*** DATA SHOWN ***

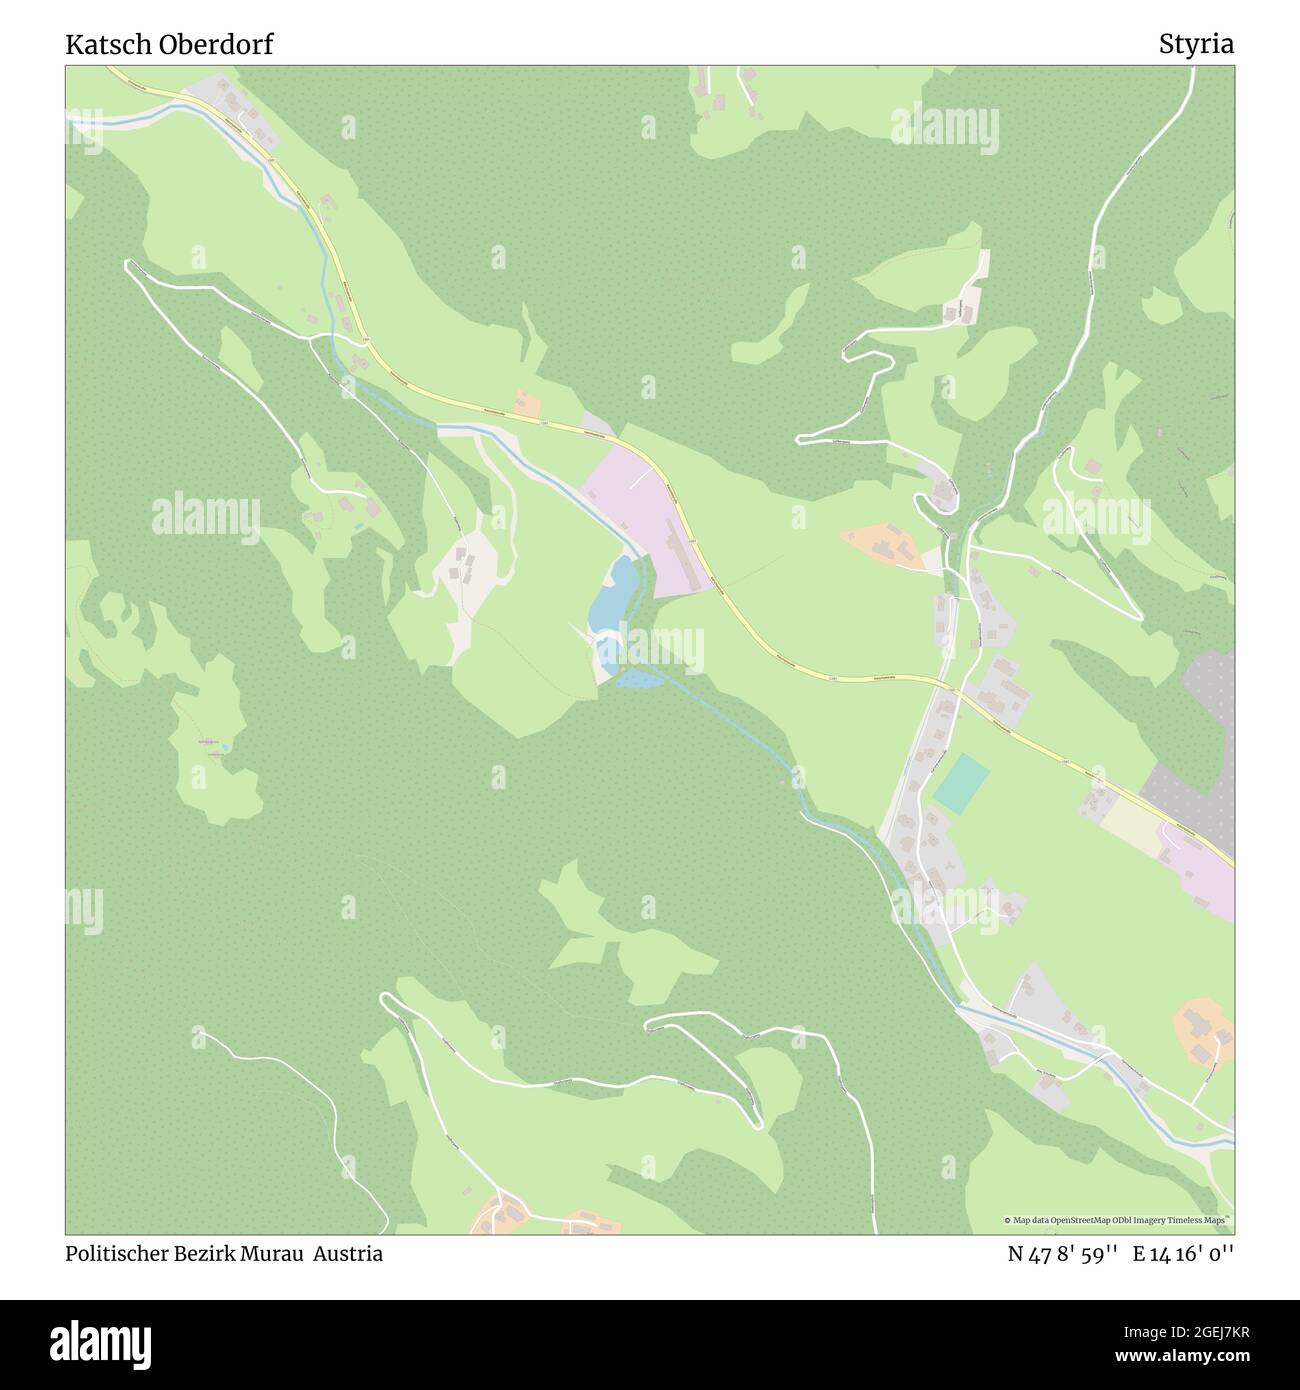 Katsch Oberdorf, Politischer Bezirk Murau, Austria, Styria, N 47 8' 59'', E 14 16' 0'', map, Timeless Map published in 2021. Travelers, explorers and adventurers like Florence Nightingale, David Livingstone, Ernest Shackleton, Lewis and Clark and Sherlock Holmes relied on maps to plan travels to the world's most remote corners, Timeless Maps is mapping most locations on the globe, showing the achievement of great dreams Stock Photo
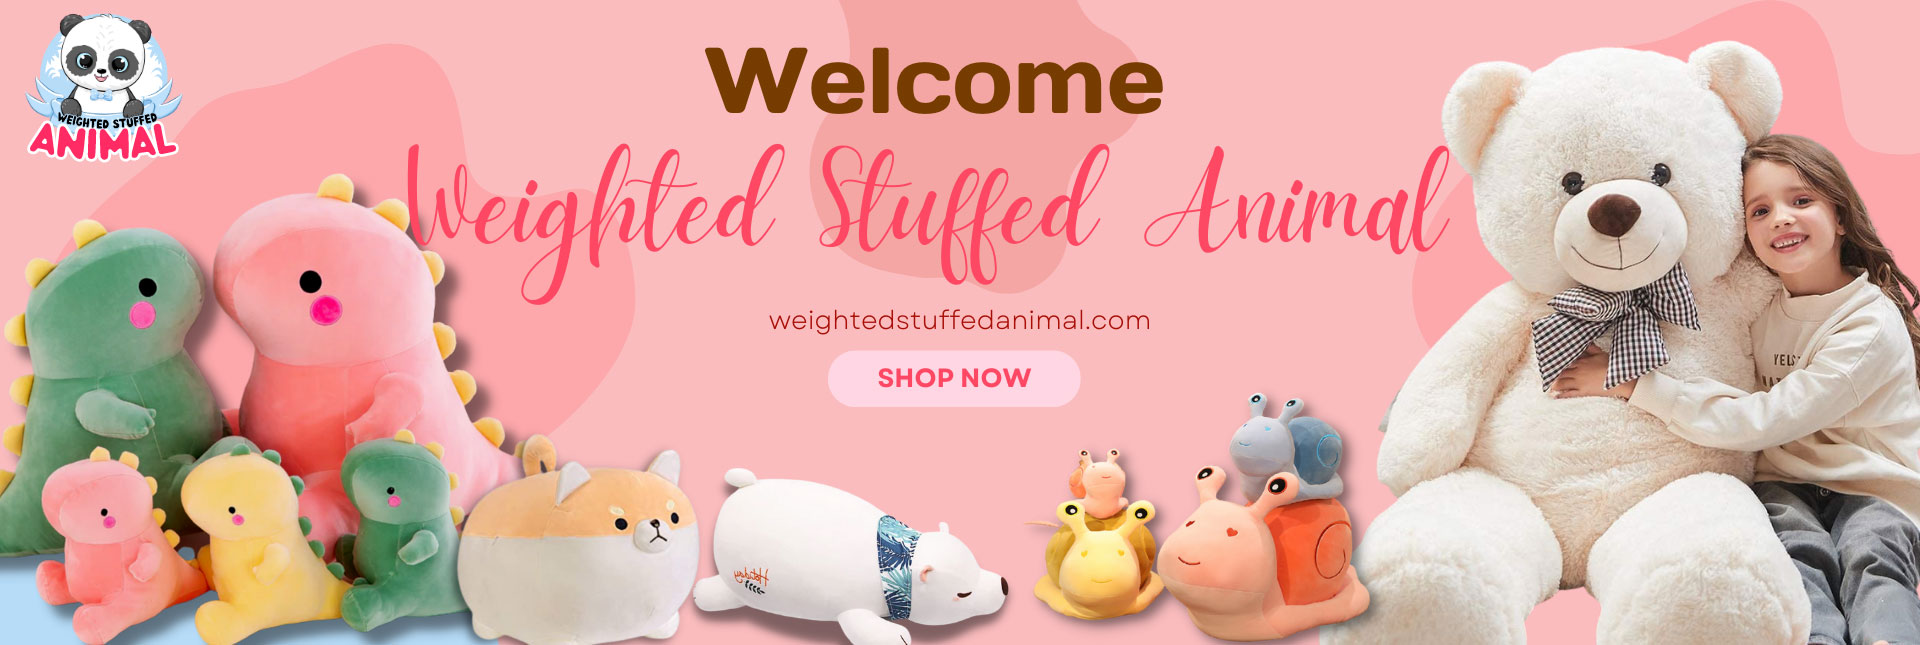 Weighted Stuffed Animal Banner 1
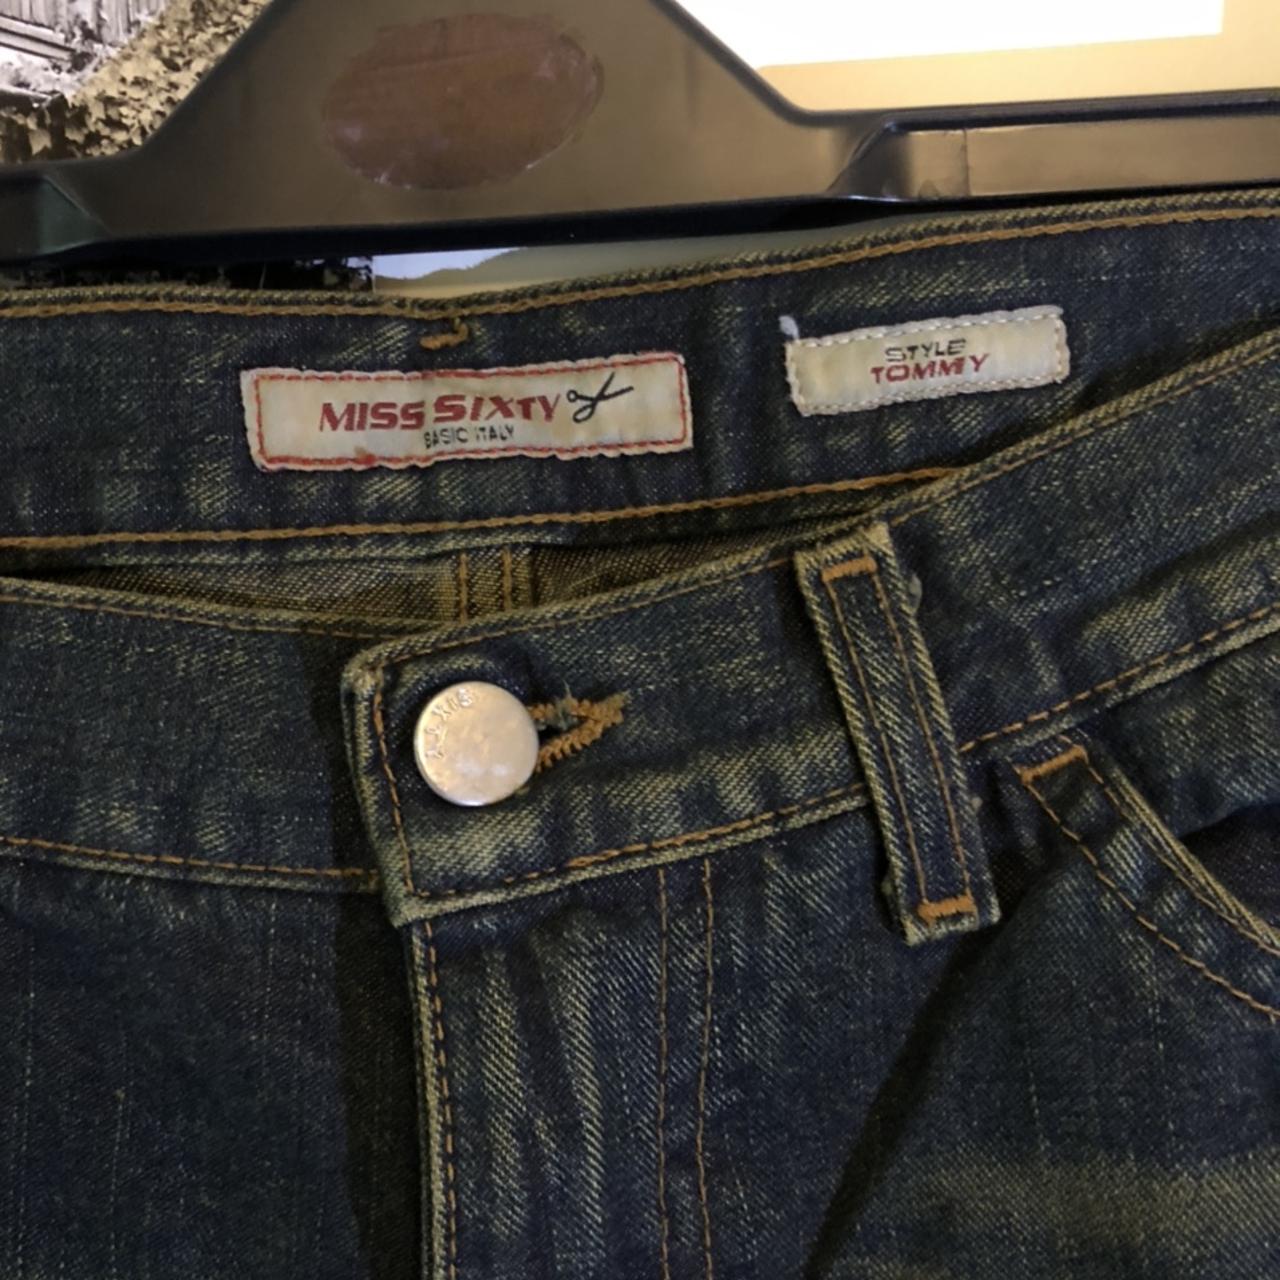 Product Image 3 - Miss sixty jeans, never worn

*** End of DATA SHOWN ***

> _WORK REQUIRED_
The data above must be written out again word for word, without its pictures.

> _OUTPUT_
 Katsch Oberdorf, Politischer Bezirk Murau, Austria, Styria, N 47 8' 59'', E 14 16' 0'', map, Timeless Map published in 2021. Travelers, explorers and adventurers like Florence Nightingale, David Livingstone, Ernest Shackleton, Lewis and Clark and Sherlock Holmes relied on maps to plan travels to the world's most remote corners, Timeless Maps is mapping most locations on the globe, showing the achievement of great dreams Stock Photo
 Weighted Stuffed Animal Banner 1
 Product Image 3 - Miss sixty jeans, never worn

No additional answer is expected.